Cybersecurity researchers have flagged a new malware artifact generated using DeepSeek that constructed a novel attack path combining "unrealistic browser-malware concepts with a real browser capability" to turn it into a working ransomware technique that runs entirely inside the browser on both Windows and Android devices.
"This is the first documented case where a frontier AI model independently bridged the gap between a theoretical browser-only ransomware risk and a practical, working attack chain – surfacing a novel attack path that defenders had previously dismissed as unfeasible due to browser sandboxing limits," Check Point said in a statement shared with The Hacker News.
"The expertise needed to discover a new attack path is no longer the bottleneck, and defenders need to account for that shift now — before threat actors operationalize it at scale."
The identified sample is a Python Flask application named "deepseek_python_20260125_da0631.py" that was uploaded to VirusTotal on January 25, 2026, with the Google-owned malware scanning service describing it as a "fully functional information stealer and ransomware toolkit." It has been named InfernoGrabber v9.0 by the malware author.
The application is designed to operate as a malicious web server that lures victims with a fake Discord avatar AI upscaler, while stealthily running a wide array of harmful actions, including stealing Discord tokens, harvesting credit card numbers and cryptocurrency seed phrases, logging keystrokes, and capturing unauthorized webcam and microphone feeds.
"The code includes specific routines for browser exploitation (targeting CVEs like CVE-2023-4863), data exfiltration via a hard-coded Discord webhook, a ransomware 'WinLocker' screen demanding Bitcoin, and an administrative dashboard for the attacker to manage stolen data," according to VirusTotal.
The findings come as artificial intelligence and large language models (LLMs) are redefining the cyber threat landscape, enabling threat actors to abuse the technology to develop malware and exploits. The use of DeepSeek is noteworthy as it signals that the Chinese company's models have lower refusal rates for malicious cyber requests when compared to its Western counterparts from Anthropic, Google, or OpenAI.
Other factors that may have facilitated the use of DeepSeek is its free access via the web interface, availability in regions where other frontier models do not operate, and its ability to generate a working malicious application from a "single broad prompt" as opposed to models from Anthropic or OpenAI.
"DeepSeek models can turn high‑level malicious ideas into concrete, complete attacks with less expertise than competing platforms," Check Point Research said.
The Israeli cybersecurity company said it unearthed the Python artifact as part of its analysis of about 3,000 files attributed to DeepSeek over the past year. Of these, 1,383 samples have been classified as malicious or dangerous. The Python malware is an instance of what's called In-Browser Ransomware that implements a browser-native technique not encountered in real-world campaigns in the past. The exact prompt that was used to produce the sample is unknown.
The attack technique entails using a phishing decoy to trick a user into granting file system access to a web page, which then enumerates local files in the selected folder, reads and exfiltrates their contents, encrypts and overwrites them, and finally displays an extortion note to the victim.
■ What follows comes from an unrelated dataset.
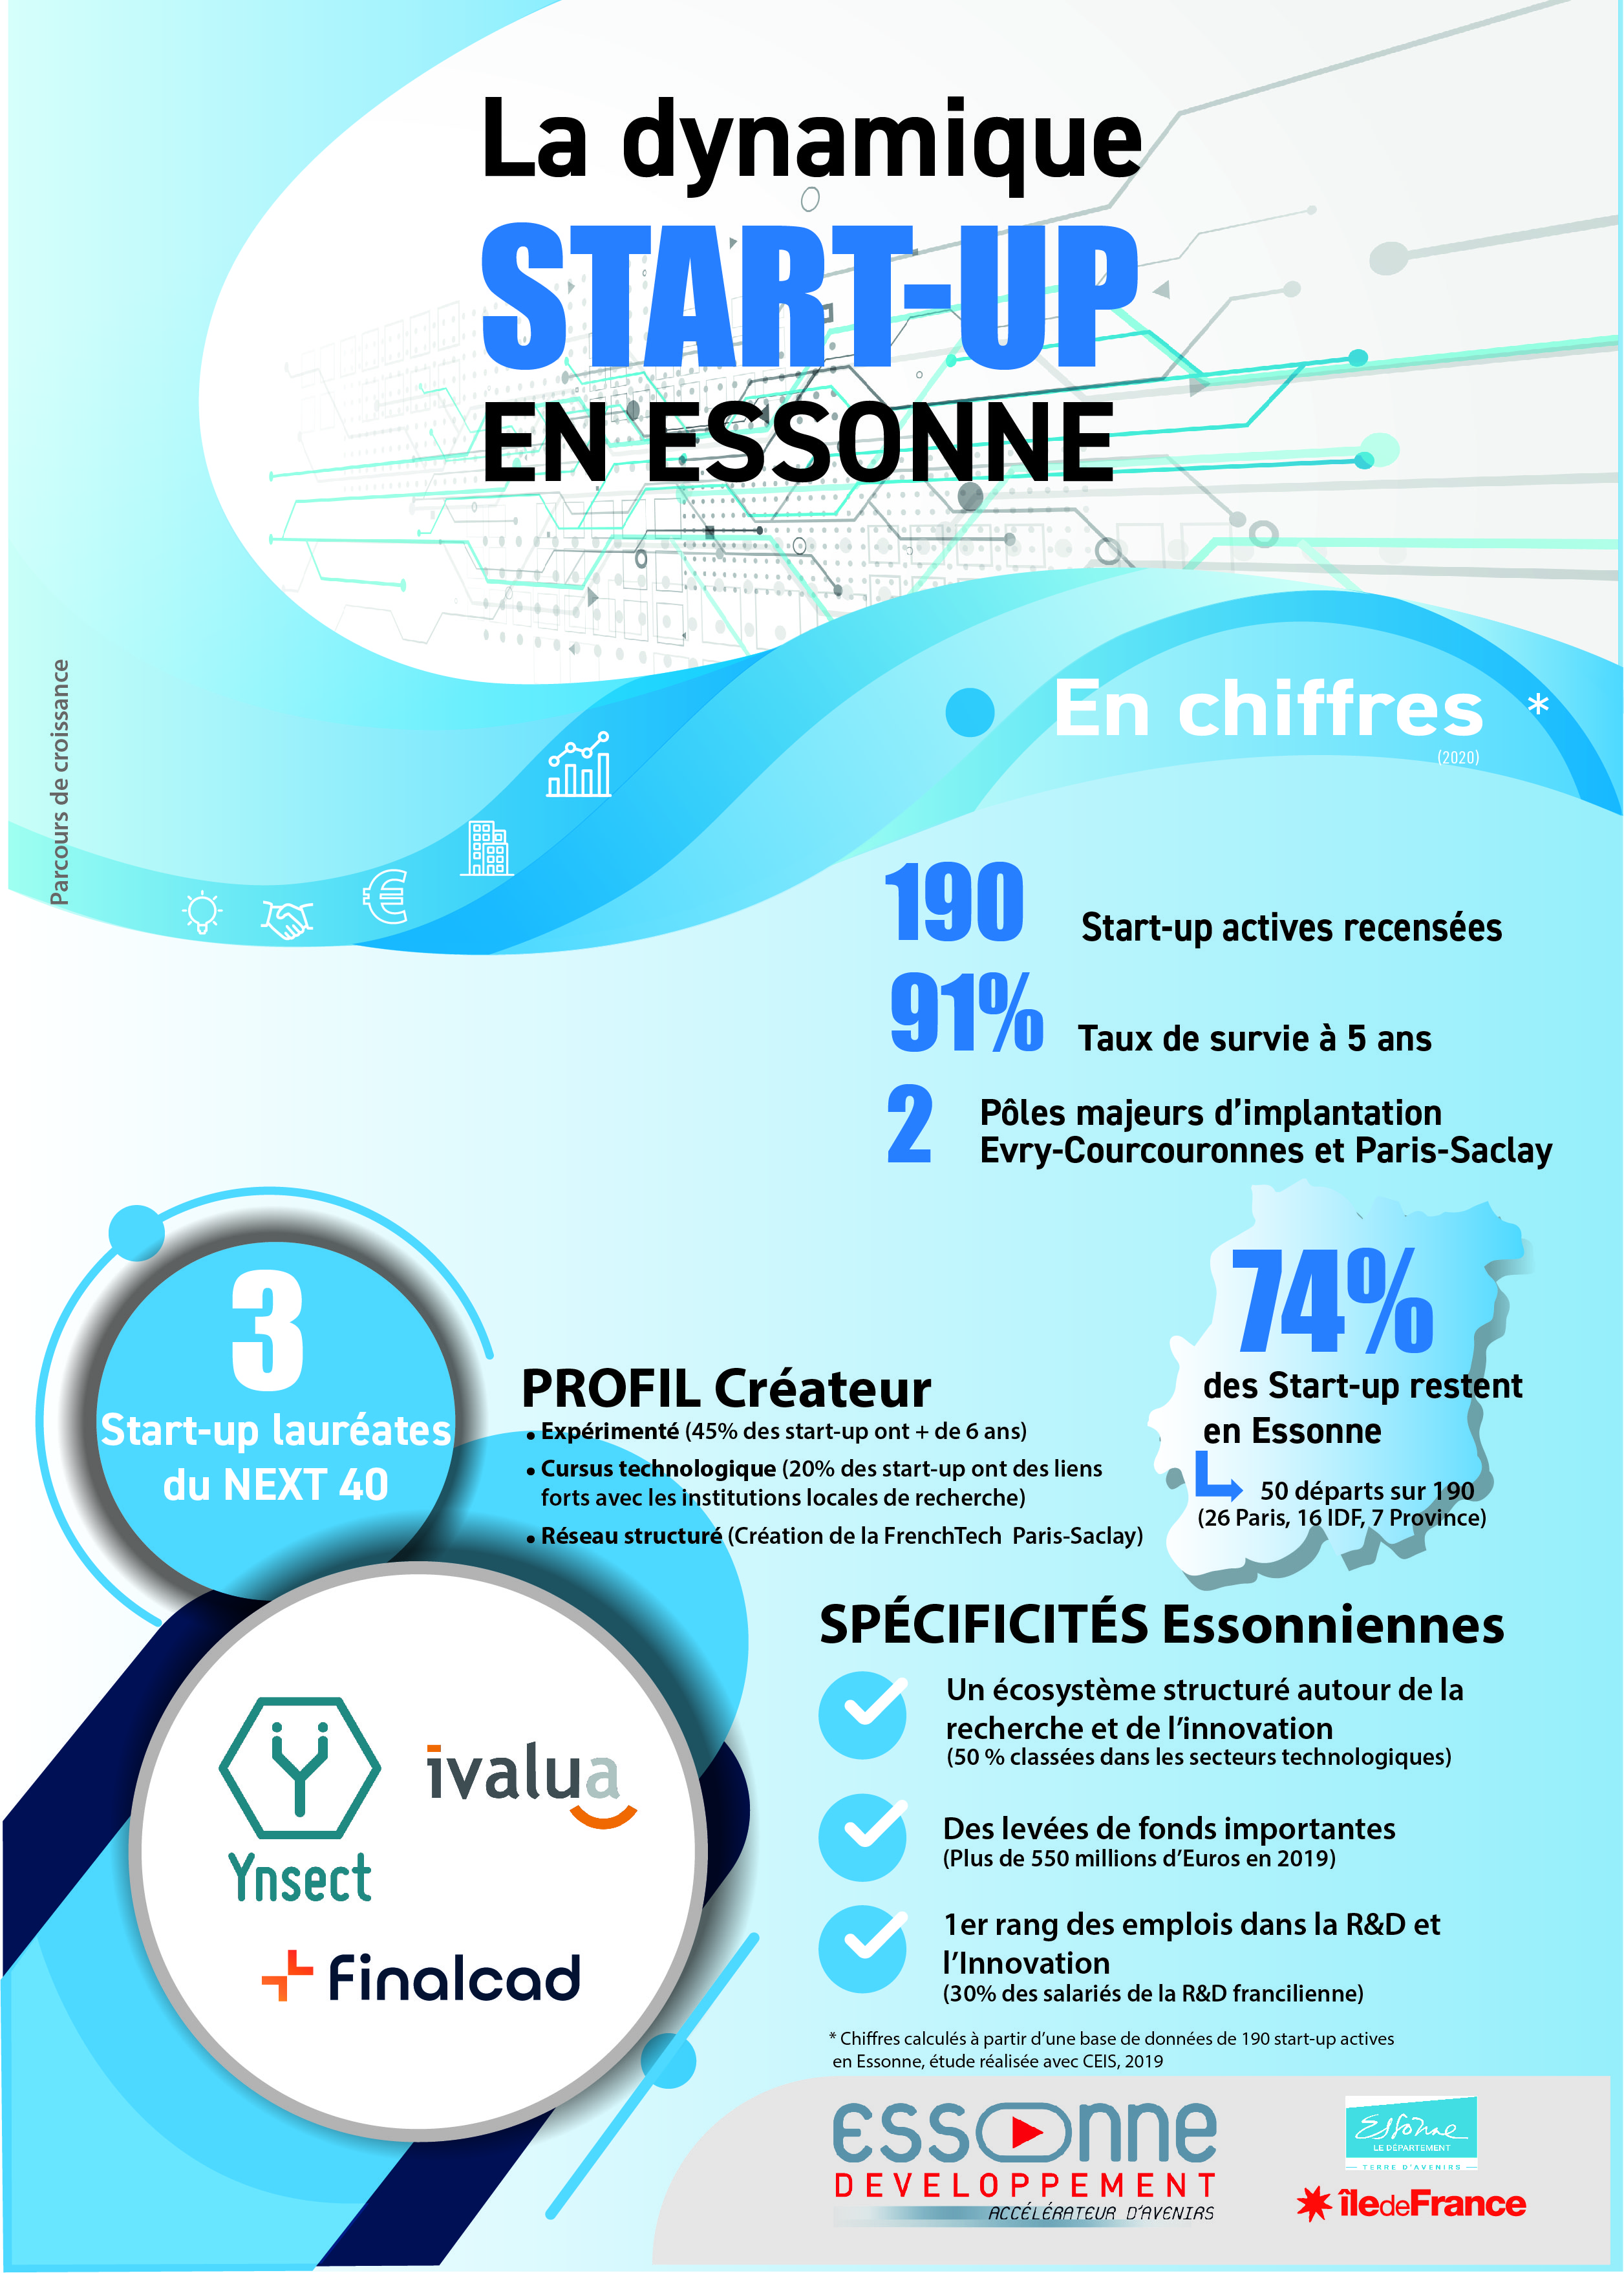 La dynamique des start-up en Essonne

What makes this more unusual is that all of this can be accomplished without installing a native payload, exploiting a browser vulnerability, or requiring root access.
It's worth mentioning here that the approach is limited to web browsers that expose the picker-based File System Access API. This includes Google Chrome and other Chromium-based browsers across Windows and Android operating systems. There is no evidence that the browser-native ransomware pattern has been abused in the wild.
Another troubling aspect of AI-assisted development is that it not only lowers the barrier for bad actors to generate offensive code, but also the fact that they do not even need to know such a file system access API exists in the first place, or have the technical expertise to abuse it.
Put differently, entering an overly broad prompt is enough for an LLM – subject to guardrails, or lack thereof -- to formulate a working attack blueprint from an abstract malicious request. When a user with limited technical understanding outlines unrealistic requirements, the model, in its quest to satisfy them, can generate hallucinated outcomes, surfacing unusual techniques in the process.
"What we are witnessing is a fundamental shift in how novel cyber attacks are born. For the first time, we have evidence that an AI model can independently reason across legitimate platform features and surface a working attack technique that humans had only theorised about – without the attacker ever knowing the underlying API existed," Eli Smadja, head of research at Check Point Research, said in a statement.
"The barrier to operationalizing complex attacks is collapsing, and that has profound implications for every organisation embedding AI into its workflows, and for every mobile user who now carries their entire personal and professional life inside a photo library. The future of AI security cannot rest on hoping models refuse the obvious malicious request; it must assume that the next attack technique will be discovered not by a human researcher, but by an AI hallucination that accidentally got one thing right."
Smadja is also urging organizations to prepare by hardening the delivery layer, rethinking permission-based trust, and treating every browser prompt as a security decision.